Step S4, obtaining a real utilized time tag y corresponding to the network security hole at the moment t ^(t) Wherein y is ^(t) ∈{c _[1] ,c _[2] ,…,c _[k] ,…c _[N] }，c _[1] ,c _[2] ,…,c _[k] ,…c _[N] N categories which indicate the network security vulnerability is utilized, wherein N indicates the total number of categories of the network security vulnerability is utilized, and N is more than or equal to 2;

step S5, calculating unbalanced factors corresponding to each category to which the network security vulnerability in the current sliding window belongs by a sliding window unbalanced factor algorithmAnd category weight->Where k=1, 2, …, N;

in step S5, the imbalance factorThe calculation formula of (2) is as follows:

wherein z represents the total number of samples contained in the current sliding window, wherein z is not less than N, c _[k] (k=1, 2,., N) represents the kth category to which the security breach is subject to by-time, an imbalance factorIs shown within the current sliding window as belonging to category c _[k] In the ratio of the sample data of (2) to the total sample number z in the current sliding window, where, when the characteristic data x ^(t) The corresponding network security vulnerability is utilized for a period of time belonging to category c _[k] When [ (x) ^(t) ,c _[k] )]=1, otherwise, [ (x) ^(t) ,c _[k] )]＝0；

In step S5, category weightsThe calculation formula of (2) is as follows:

wherein,for category c _[k] A corresponding imbalance factor;

step S6, according to the characteristic data x of the network security hole at the moment t ^(t) Utilized time tag y ^(t) Category weightRetraining a current classifier model f ^(t) (. Cndot.) and updating parameters to obtain classifier model f at time t+1 ^(t+1) (·)。

2. The method for predicting network security breach in time of claim 1, wherein: the value of z in the formula (1) is optimized by any super-parameter determination method including random search, grid search and Bayesian optimization algorithm.

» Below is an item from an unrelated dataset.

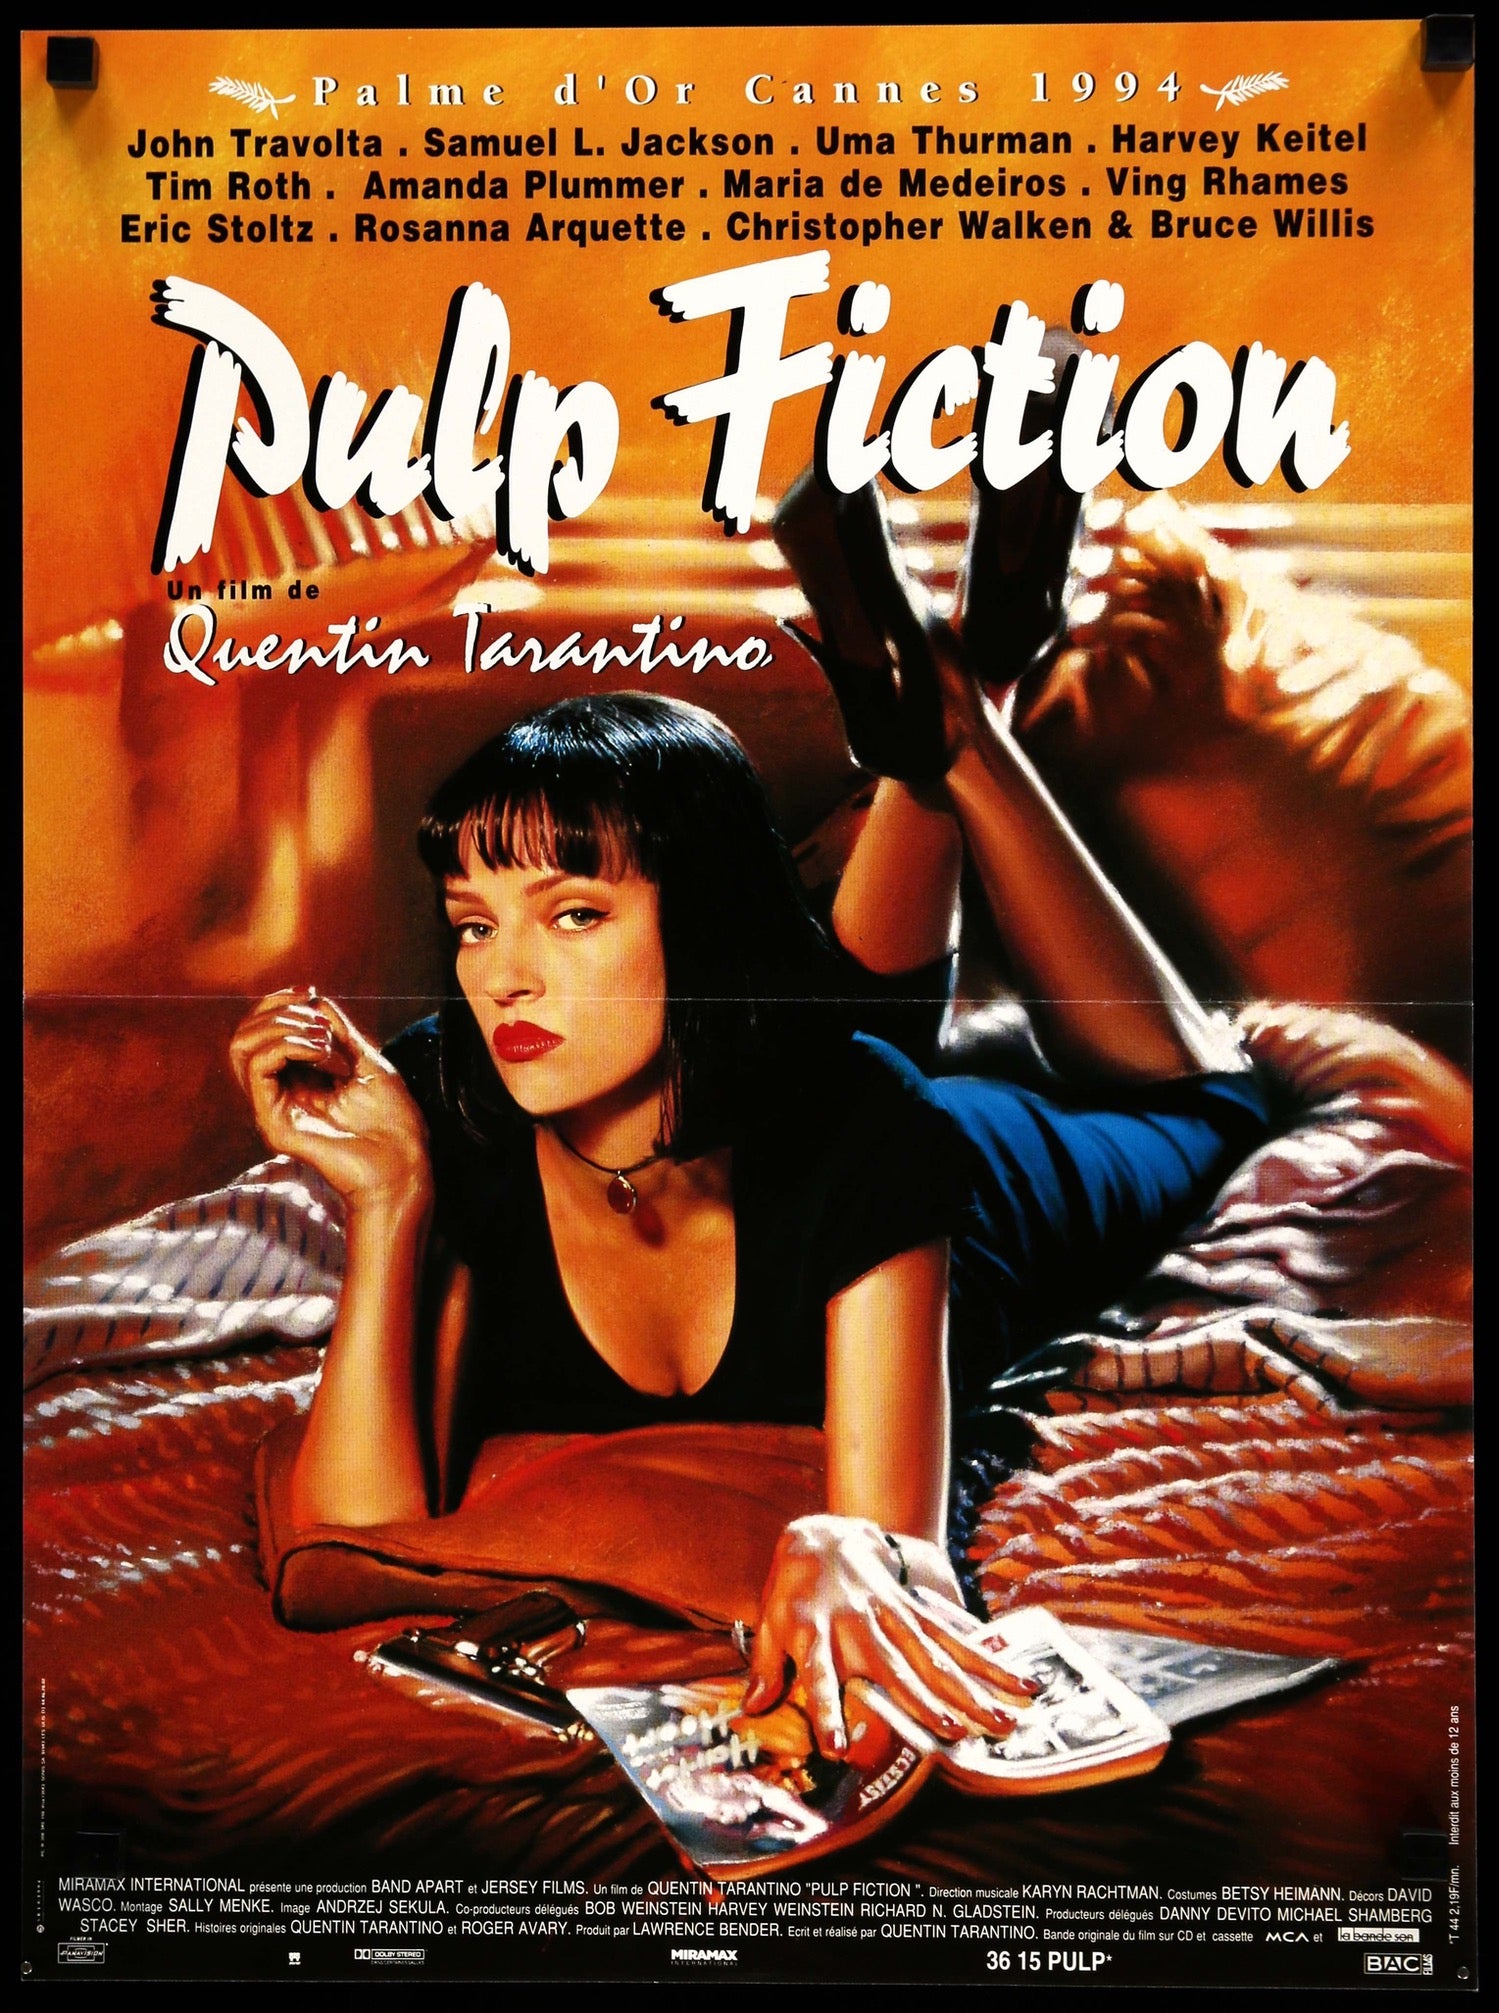  Pulp  Fiction  1994 Original French Movie Poster

3. The method for predicting network security breach in time of claim 1, wherein: the data preprocessing in step S2 includes any one or a combination of a plurality of general algorithms including data deduplication, outlier detection, regularization, normalization, word segmentation and single-hot encoding.

4. The method for predicting network security breach in time of claim 1, wherein: raw data d ^(t) The network security vulnerability multi-dimensional original data combination comprises a vulnerability number, vulnerability description information, vulnerability release time and security level scores or any one of the single-dimensional original data.

5. The method for predicting network security breach in time of claim 1, wherein: the feature extraction in step S2 includes using a general artificial feature extraction algorithm or an automatic feature extraction algorithm according to the form and content of the original data.

6. The method for predicting network security breach in time of claim 1, wherein: feature selection includes principal component analysis, correlation coefficient, and recursive feature elimination.

7. The method for predicting network security breach in time of claim 1, wherein: classifier models used to predict when network security vulnerabilities are exploited include, but are not limited to, fully connected neural network algorithms, convolutional neural network algorithms, and recurrent neural network algorithms, f when t=1 ⁽¹⁾ (-) model parameters are initialized randomly or with a known pre-trained model.

8. The method for predicting network security breach in time of claim 1, wherein: original data d of network security hole at time t+1 ^(t+1) Before being acquired, the network security vulnerability utilized time tag y at t moment is not acquired yet ^(t) When the steps S5 and S6 are skipped, let f ^(t+1) (·)＝f ^(t) (. Cndot.) for predicting network security vulnerabilities at time t+1The time utilized.